Summary. The paper introduces SPECA, an LLM-driven auditing framework that extracts explicit, categorized security properties (invariants, pre/postconditions, trust assumptions) from natural-language specifications of distributed protocols and reuses them for cross-implementation comparison. It targets specification-divergence defects in multi-client systems such as blockchain networks. On the Sherlock Ethereum Fusaka contest (10 targets, 366 submissions), SPECA recovers all 15 in-scope H/M/L vulnerabilities (8 fully automated) and identifies 4 additional fix-confirmed bugs, including a cryptographic-invariant violation missed by all adjudicated findings. On the RepoAudit C/C++ benchmark it achieves 100% recall and 88.9% precision (F1=0.94), surfaces 12 author-validated bugs beyond ground truth (2 externally validated), and correctly flags 5 published bugs as non-exploitable defensive coding. False positives are traced to three pipeline stages; a multi-model ablation identifies property-generation quality as the primary limit. End-to-end cost is reported as ~$30 per H/M/L bug.
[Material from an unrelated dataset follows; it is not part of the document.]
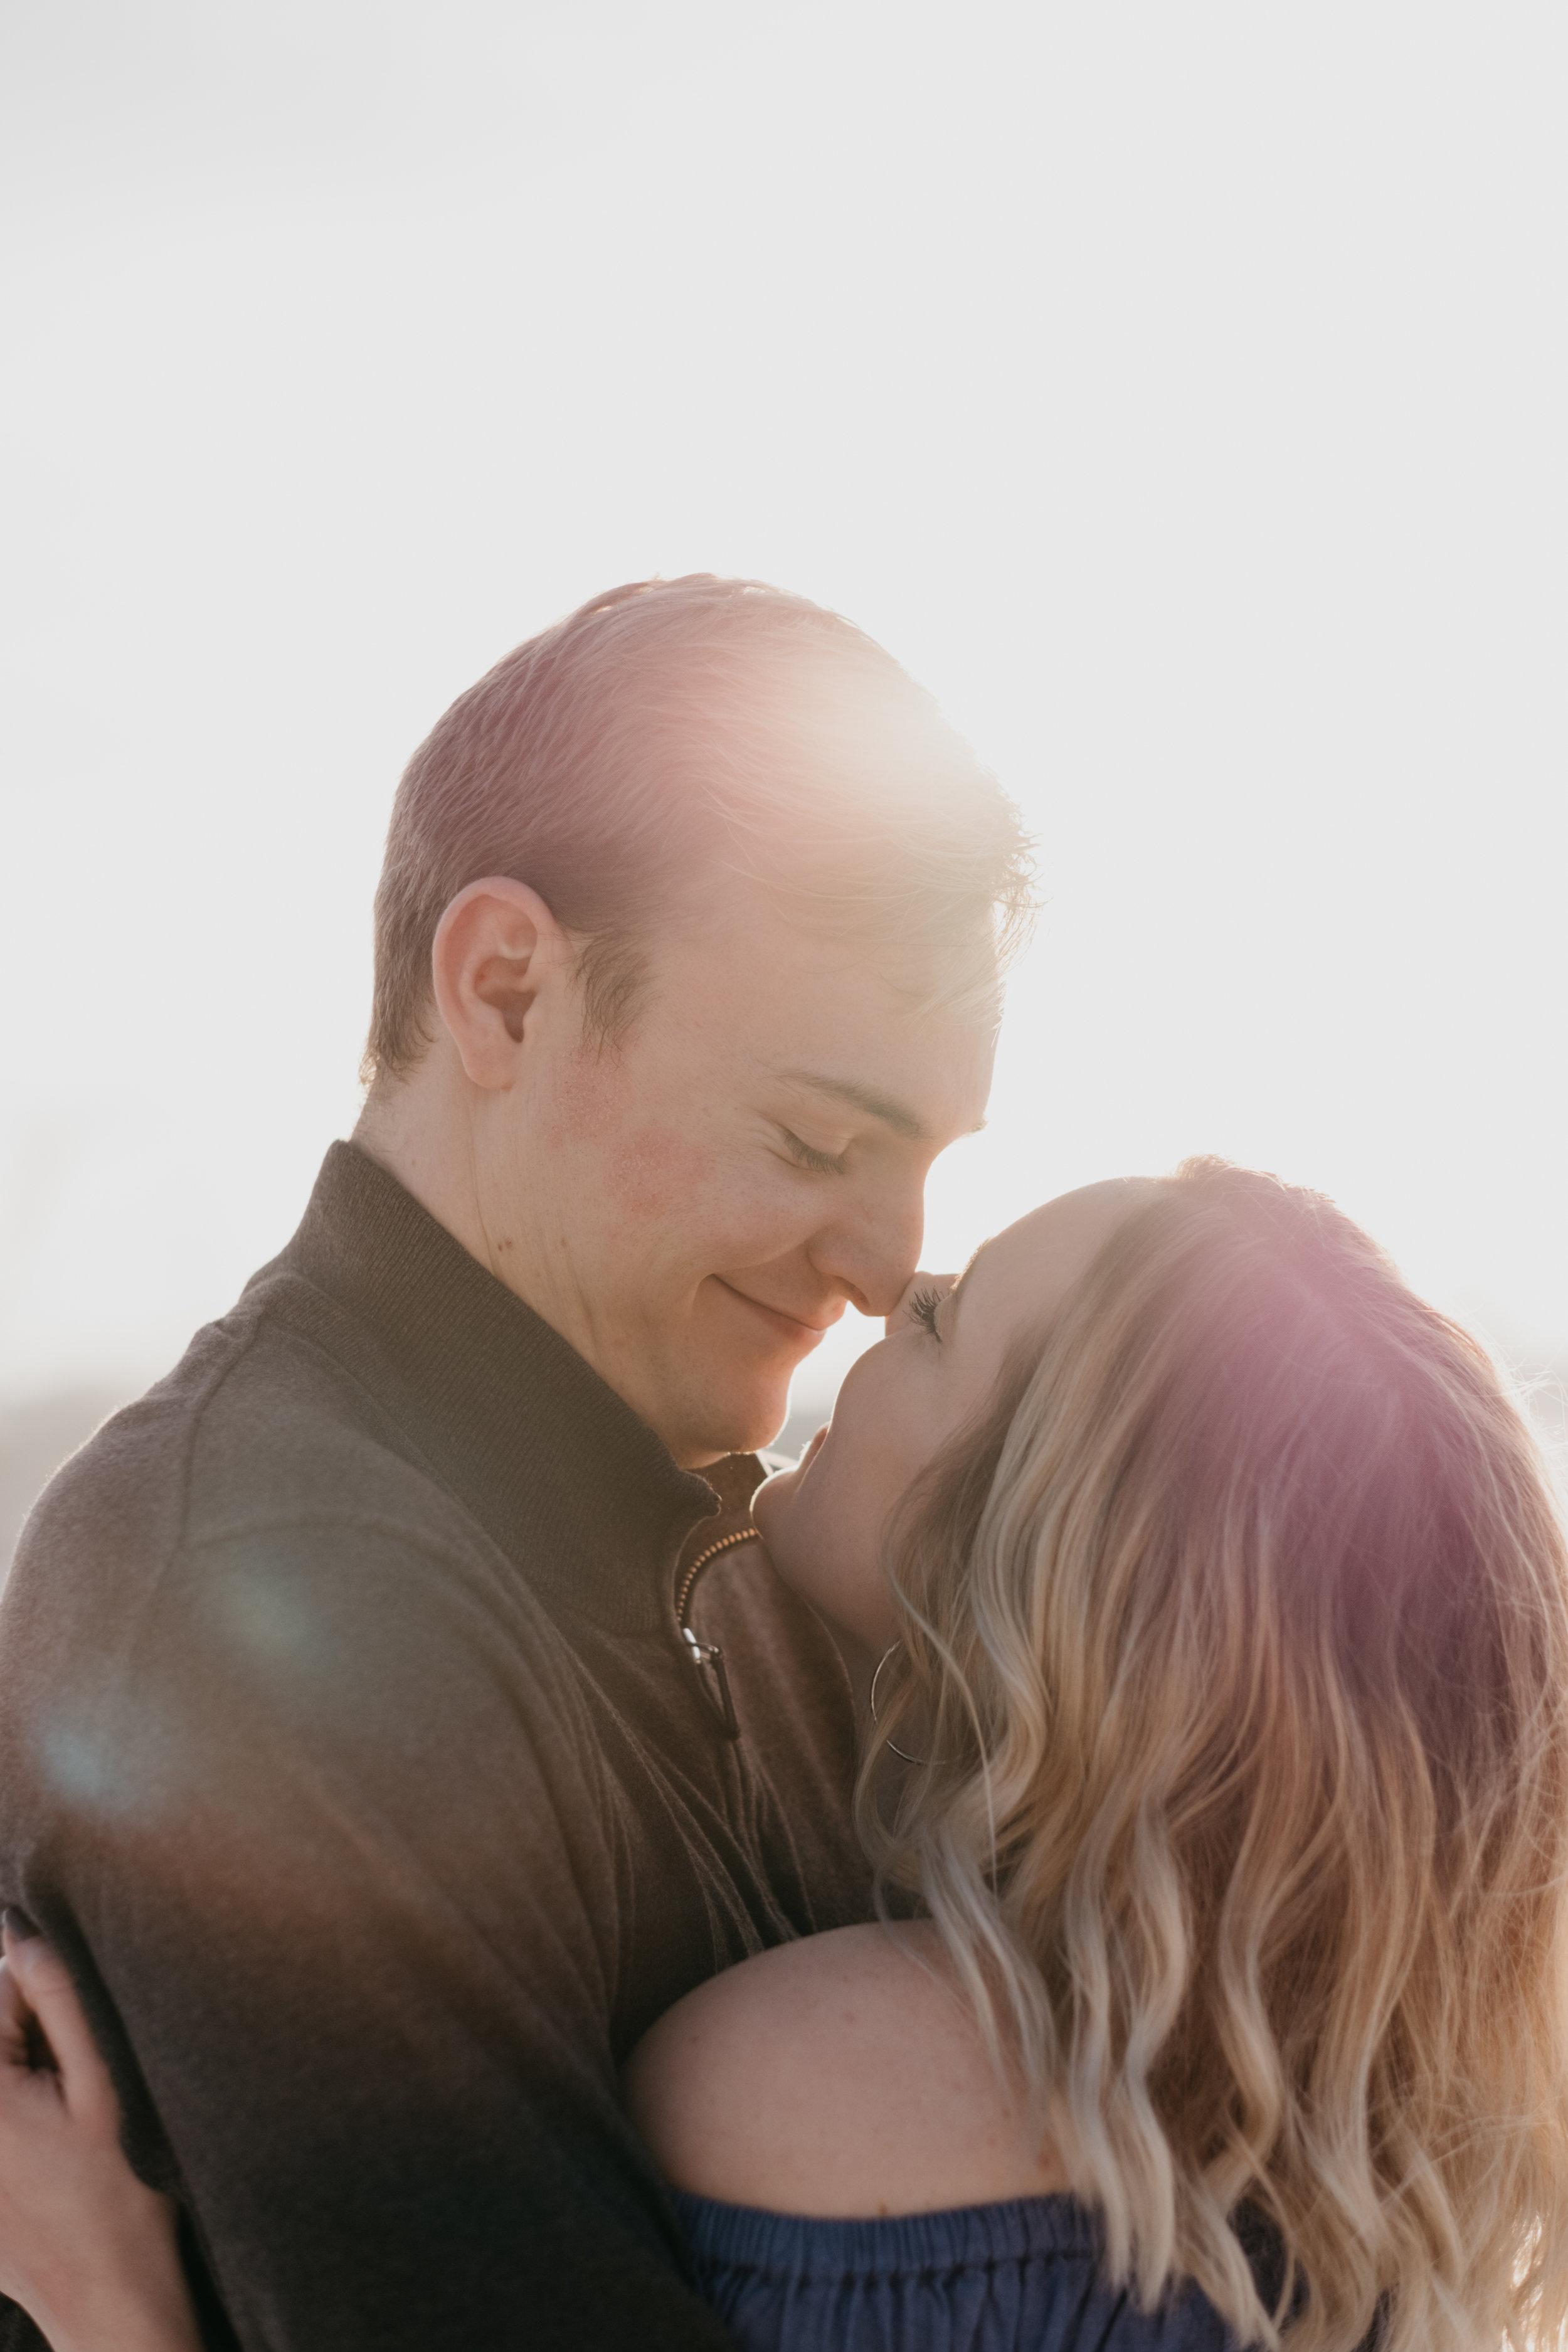 Talia + Brendan | Engagement Photography | Sioux Falls, South Dakota Photographer-22.jpg

Significance. If the empirical results hold under replication, the work provides a concrete, reusable method for specification-anchored auditing that directly addresses the gap between single-repository code analysis and the reality of multiple independent implementations of a shared spec. The full recovery of contest vulnerabilities, discovery of new bugs, traceable false-positive analysis, and explicit identification of the property-generation bottleneck constitute measurable progress over purely code-driven approaches. The use of public benchmarks with author- and externally-validated findings, together with cost and wall-clock metrics, makes the contribution immediately usable by auditors and researchers working on blockchain and distributed-system security.

major comments (2)

[§4] §4 (Sherlock Evaluation): the distinction between the 8 fully automated recoveries and the 7 expert-augmented recoveries is load-bearing for the claim of reduced human intervention; the manuscript should provide the precise prompting templates, property-categorization rules, and decision procedure used to classify a detection as automated-only versus expert-augmented so that the 8/15 figure can be reproduced.
[§3] Property-extraction pipeline (described in §3): while the multi-model study correctly identifies property quality as the binding constraint, the central claim that derived properties are “complete” and “accurate” for downstream detection would be strengthened by a quantitative completeness metric (e.g., fraction of spec-stated invariants successfully extracted) or a small-scale human validation of the extracted property sets on a held-out specification; without this, the 100% recall on RepoAudit remains tied to the specific benchmarks rather than shown to generalize.

minor comments (2)

[Abstract] Abstract and §5: the reported ~$30 / ~42 min figures should state the exact LLM models, temperature settings, and parallelization hardware used, as these directly affect reproducibility of the cost claim.
[Evaluation] Table or figure summarizing false-positive root causes: adding a compact table that cross-tabulates the three pipeline-pinned causes across both benchmarks would improve readability and allow readers to assess the relative contribution of each phase.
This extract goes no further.